KOLKATA (miningweekly.com) – A sharp fall in gold imported into the country during the first quarter of the current financial year has prompted the Indian government to move toward an early lifting of the ban on importing the precious metal from South Korea.
With gold imports down 25% during the first quarter at $8.43-billion and the trend having started since January, the government is willing to accede to persistent lobbying from South Korea to lift the ban on inward shipment of gold originating from the latter country.
As reported by Mining Weekly Online, the South Korean government has been putting sustained pressures on India to lift the ban on zero duty imports of gold under the Comprehensive Economic Partnership Agreement (CEPA), imposed last year.
Sources said given the falling trend in gold imports, the Indian government has communicated to its counterparts in the South Korean government that India is preparing to revoke the ban in the shortest possible time.
However, India has not specified any timeframe for the lifting of such a ban as the Indian government will insist on including a regional value addition norm during the forthcoming bilateral meeting to review CEPA.
The Indian government has unofficially conveyed to South Korea that it would like to see a minimum threshold of value addition to gold within South Korea and necessary certification of the same, to prevent ‘third country gold’ flowing into India via South Korea.
India has suggested a minimum of 35% value addition to gold in South Korea for the consignment to be eligible to be imported from the latter.
In August, India banned gold imports from South Korea at nil rate of customs duty as with the introduction of the Goods and Services Tax (GST) in earlier months, reduced the incidence of local duty on gold fell sharply from 12.5% countervailing duty to an integrated rate of 3%.

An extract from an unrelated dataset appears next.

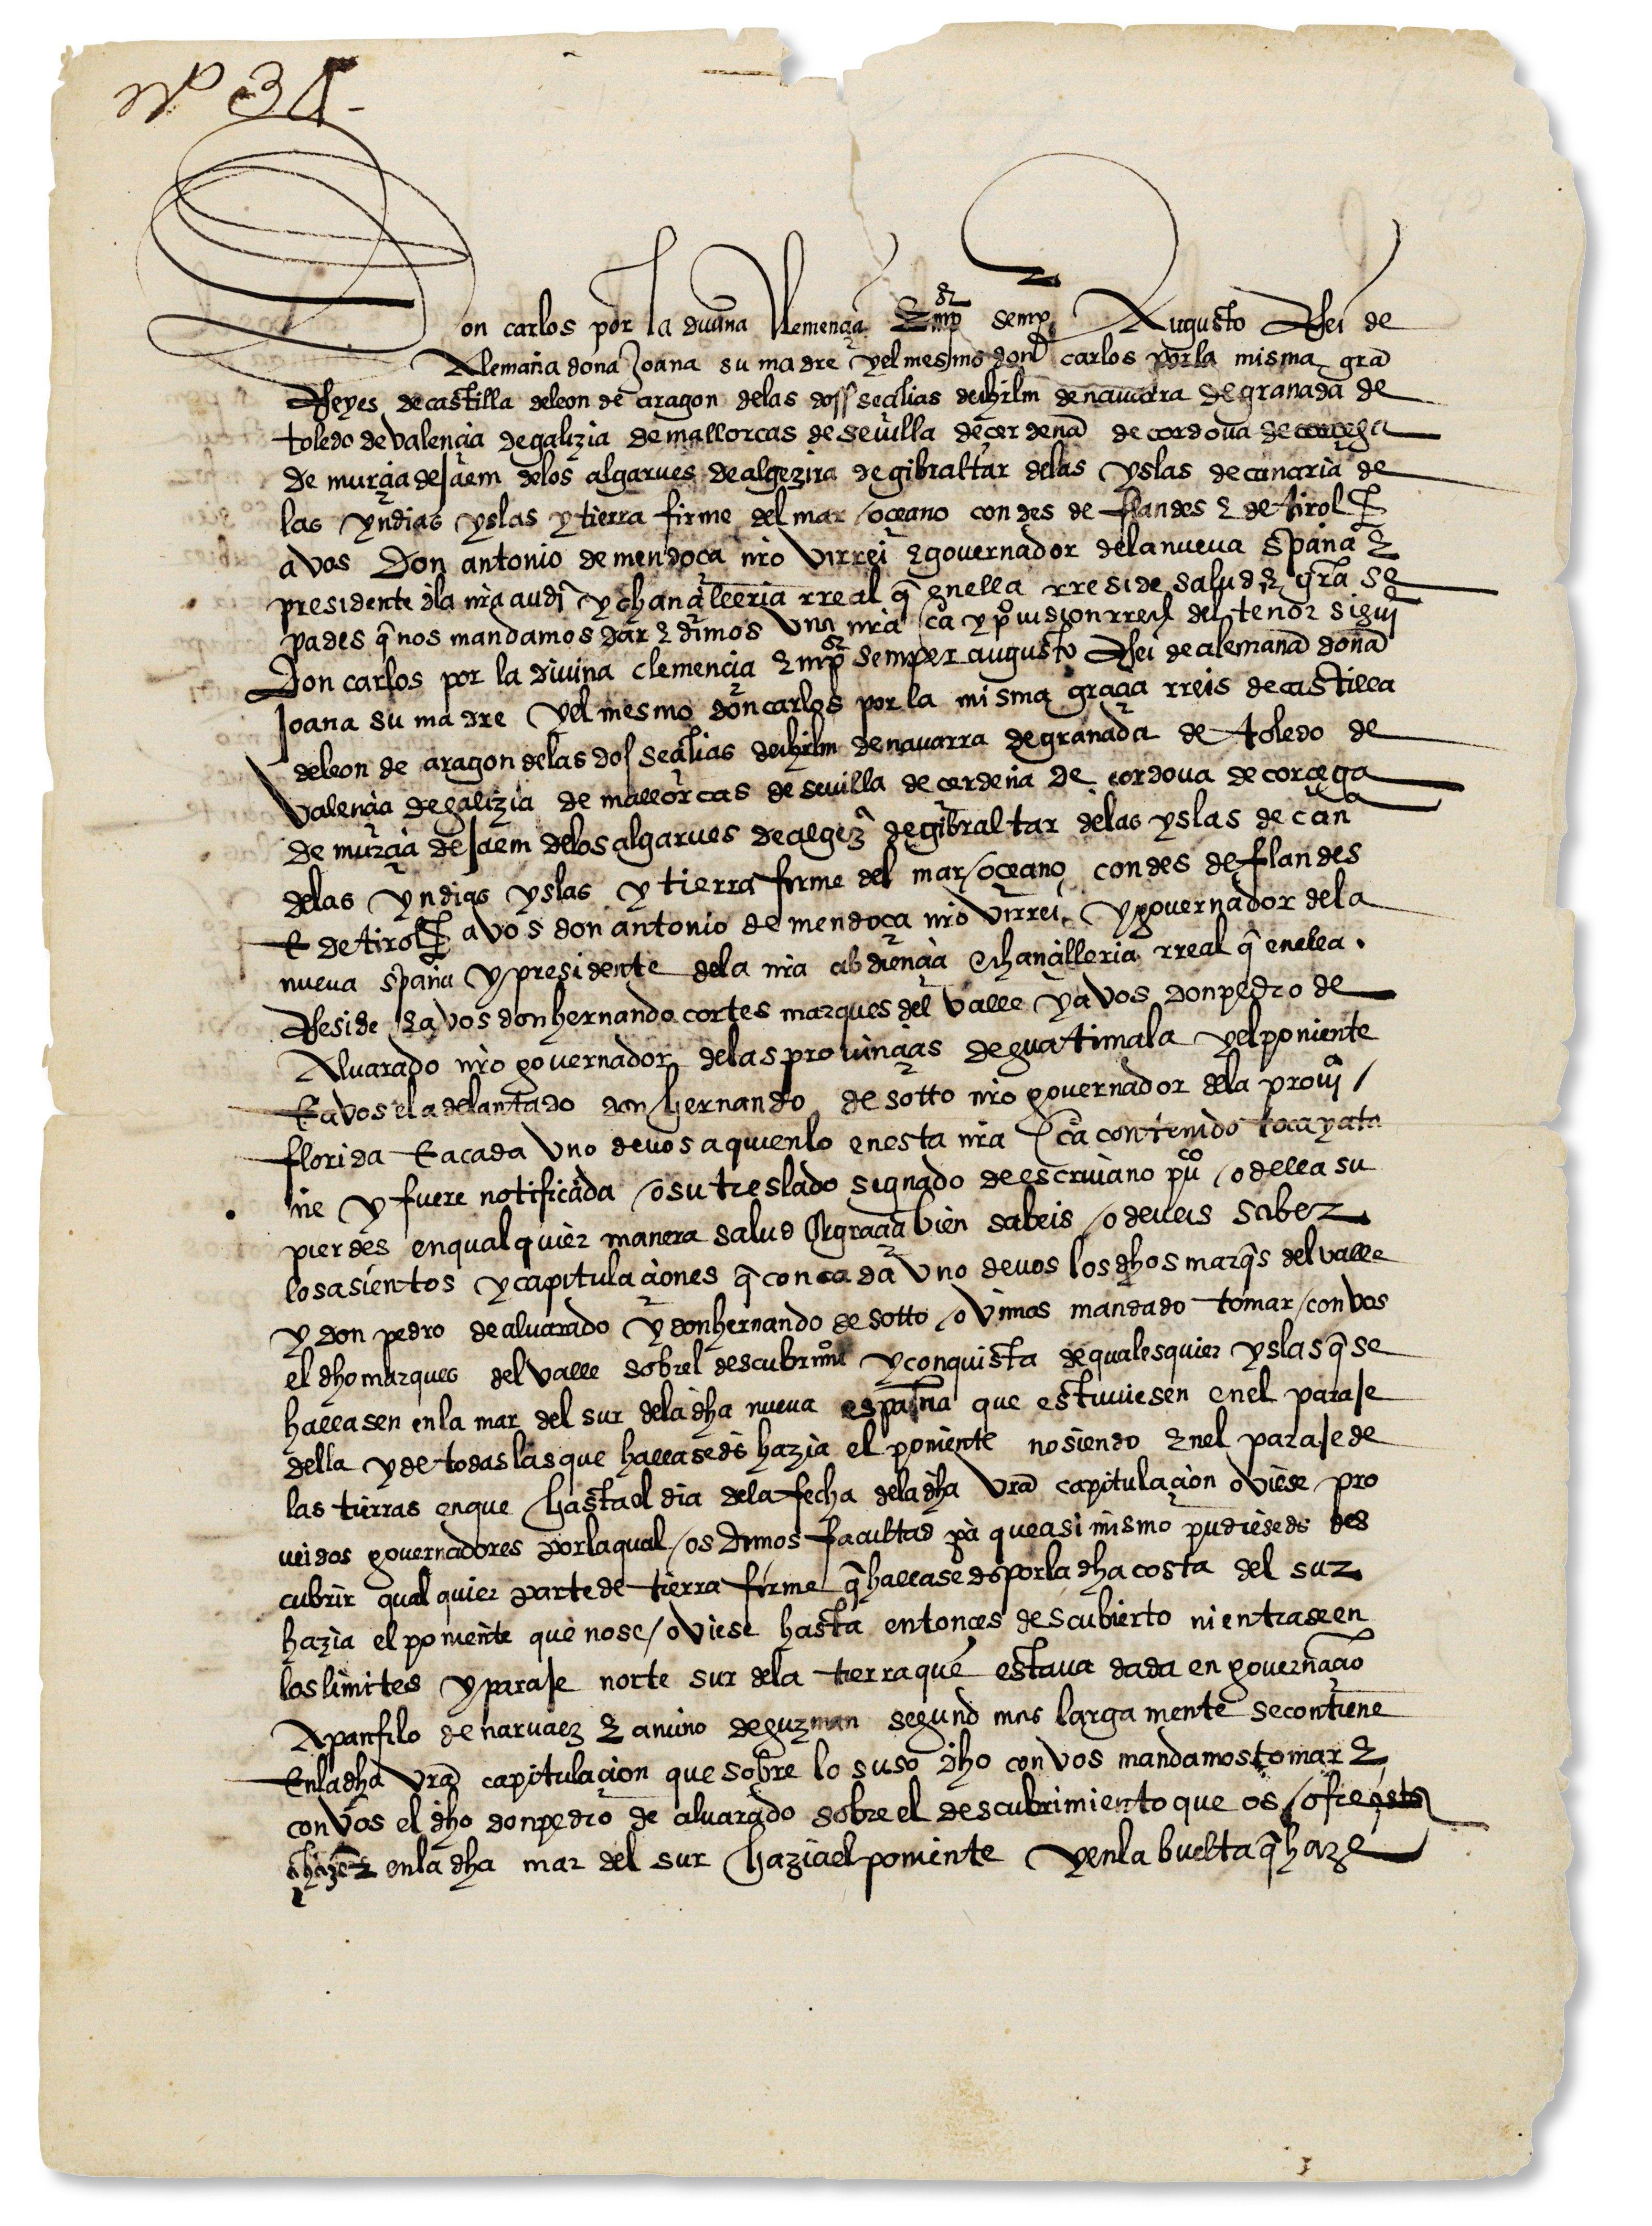 CHARLES V Manuscript letter signed on behalf of KING

The lower net effective incidence of all taxes triggered a surge in gold imports from South Korea during July to August 2017, to $338-million, against total imports of the metal from the country of $70-million during the entire previous financial year.
Indian policy makers rationalising the ban had said that since South Korea was neither a leading producer of the metal, nor did it have a significant value addition industry or jewellery making, the country was being used as a transit point for ‘third country’ gold to be shipped into India taking advantage of CEPA provisions for a nil rate of customs duty.